On this day, though, Muresan was in his prime, a man knocking on the door of, if not greatness, certainly, perhaps pretty-goodness. Unequivocal not-badness, at the very least. He was averaging 10 points and just under seven boards and two blocked shots per game. He somehow managed to shoot over 70% from the line despite having hands that looked like pterodactyls. After a quarter of back-and-forth action, during which time Webber proved lithe and crafty, the young star left the game with an injury, carving a big hole in the Bullets’ front-court rotation. But never fear, Gheorghe Muresan was there! Muresan played a miraculous and likely career threatening 39 minutes, snowshoeing up and down the court like a Space Jam kaiju, racking up 18 points, 12 boards, and four blocks, en route to a…one-point loss. While Muresan was doing his best impression of a peak Mike Giminski, teammate Doug Overton was clanking long twos by the bushel. Not even a feisty 23 points from margarine tower Don McClean could save the day for the leaden Bullets.
What I remember most from that game is the peculiar physics of Muresan’s lonely stampede down the floor. Watching him run made me wonder what running was anyway. Did both gargantuan feet have to be off the ground, however briefly, at the same time? Was there a minimum speed? Say 4.3 miles per hour? Was he really just marching while looking strained and purposeful? Muresan prompted other quandaries. Like, for example, were jump-free dunks truly dunks? Was he so tall that his status as a basketball player was somehow in question (not fair!)? Or did his parodic ultra-height align with game’s ideal?
In any case, Kenny Anderson had 20 points on a respectable seven of 15 from the floor, good ole Armen Gilliam confiscated 28 points for himself, and the Nets won. The outcome mattered not at all to either team but the game matters to me now, decades later, because my mother recently mailed me the original ticket stub (the listed price was 50 bucks, but it was likely bought at a steep discount by my loving, coupon-brained father) for the game in question, along with some newspaper articles and a card.
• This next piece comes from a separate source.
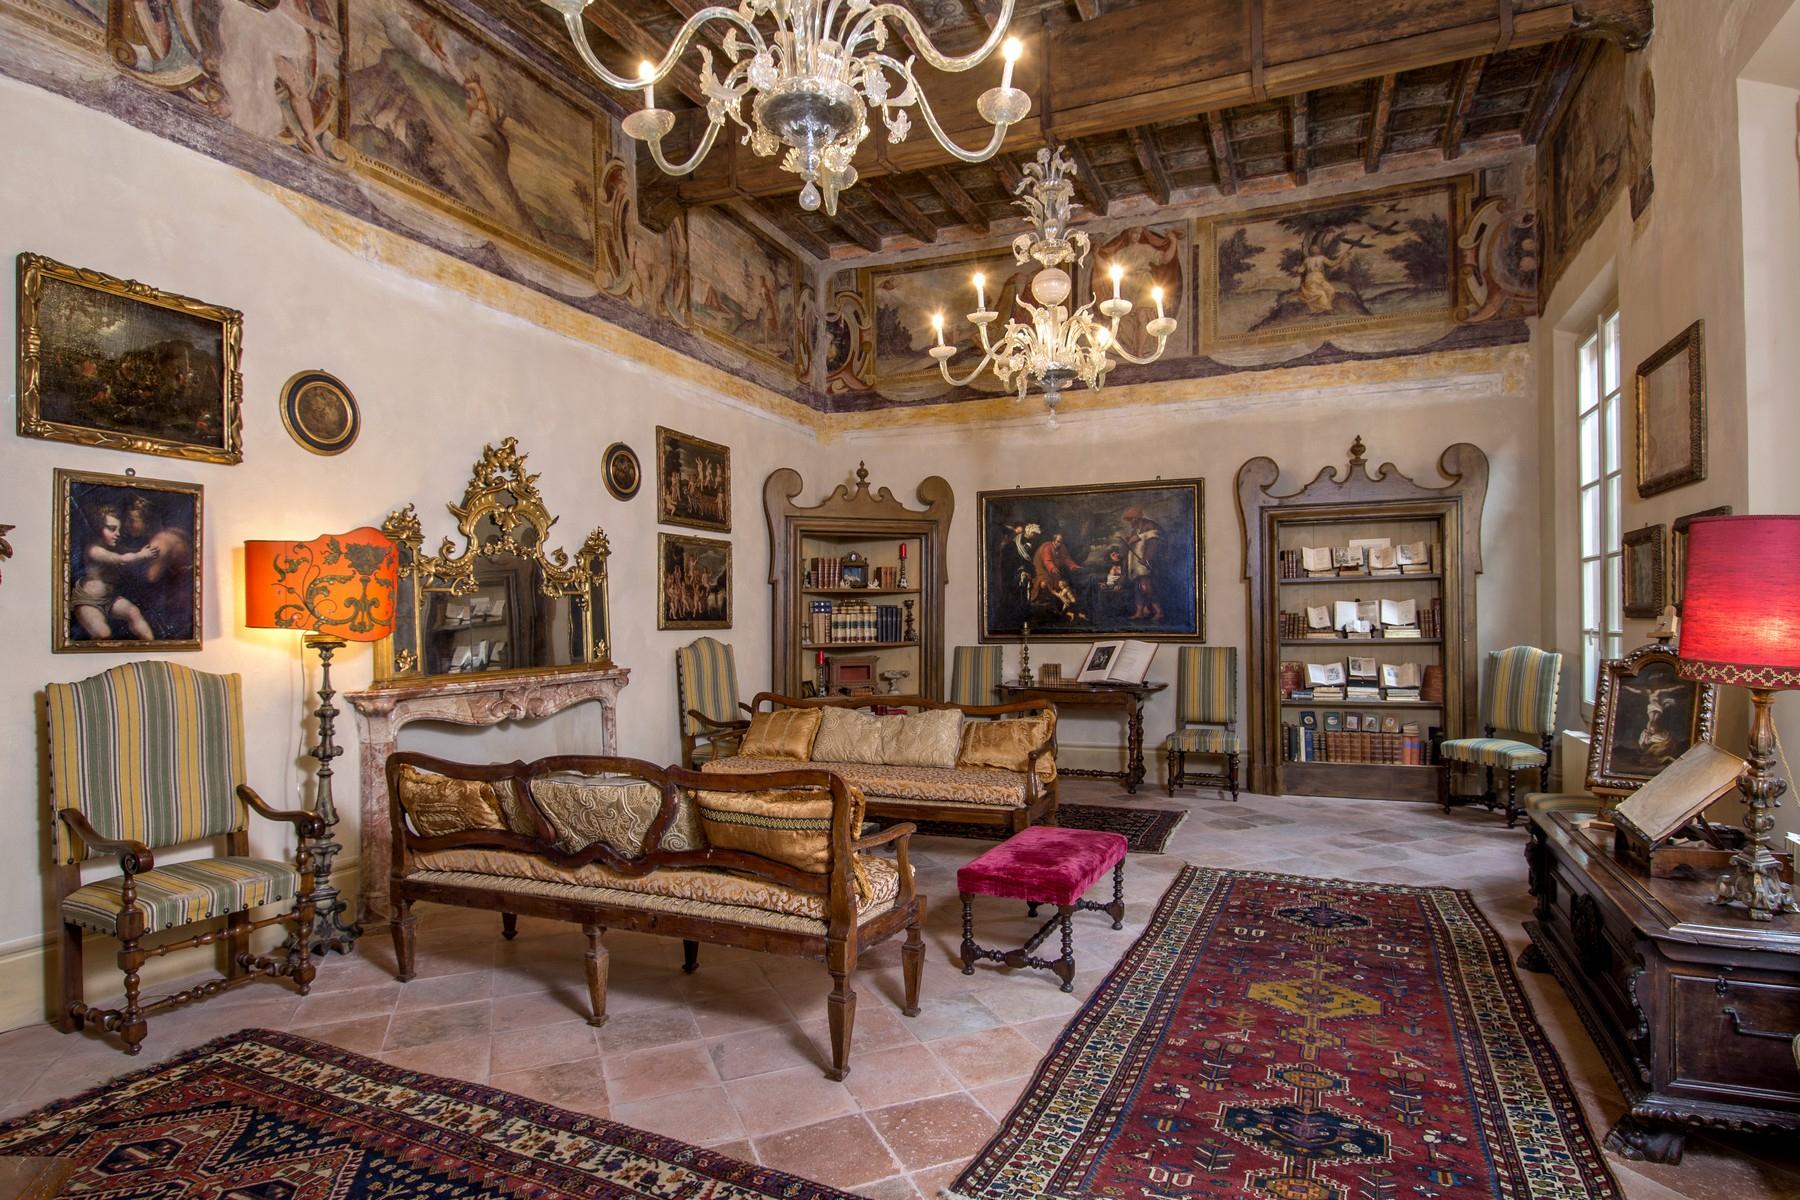 Magnificent historic palace in the heart of Reggio Emilia - 1

The ticket itself is graphically tepid (Anderson dribbles, appropriately, in isolation while off on the right-hand margin, alone and unguarded, Coleman dunks his very own basketball, as Nets insignia slash diagonally across aisle and seat numbers), though it is a portal to another time, a discrete moment of history that everyone could seemingly do without .
This wasn’t a happy time in my life. It was late in my sophomore year of high school. My good friend Joe Pesci  had just moved to Florida. I had stopped playing sports and had begun reading science fiction novels. That’s enough personal information, ok? It felt the way it sounds—not tragic, by any means, but standing in the middle of a field by yourself lonely. Still, there is a part of me that says, almost audibly, whenever I gaze upon an artefact such as this, I would give anything to go back.
Why does this happen? It’s not because of Gheorghe Muresan’s sloping hook shot, that’s for sure. Neither is it because I want to return to the heady days of chaperoned driving with my learner’s permit in an ’83 Chevy Chevette. My guess is it’s your basic fear of dying and loss kind of stuff mixed with some suppressed but genuine affection for the past—I would, come to think of it, give an extraordinary amount of money just to be able to walk back into my old house, close my eyes, smell it, open my eyes, and see it as it was and not as I remember—all fish-eyed and foggy, a fading dream. I would give anything to be able to sit on the front porch again with my brother and friends and to have time the way very rich people have money. To talk, and stare at the cars driving by, the bees in my mother’s garden.
If I let myself dream of heaven, I see it as a place where, among other riches, the past is almost like a town you can visit, and while you’re there, the parts of you that are broken or missing are found  or fixed but without costing you who you are. You can be yourself there but be whole. You can come and go as you wish, leaving without estrangement, and always somehow remaining fully in the place that you left.
And so, in heaven, the undermanned Bullets are always just barely losing to the charmless Nets, and that’s as it should be, and if I peel my eyes away from the court I can turn and see my father, sitting beside me, worrying about traffic, and—though it doesn’t matter anymore, we are safe and have time in abundance—the long drive home in the dark.
 7’7” actually.
 For example, I could find nowhere online any reference to Webber’s in-game injury, though I didn’t imagine it; the box score reveals that he only played 15 minutes, and I remember the deflated feeling of watching that game’s biggest star wince from the court early in the contest.
 From Marilynne Robinson’s great novel Housekeeping: “She conceived of life as a road down which one traveled, an easy enough road through a broad country, and that one's destination was there from the very beginning, [including finally] a room where everything one had ever lost or put aside was gathered together, waiting.”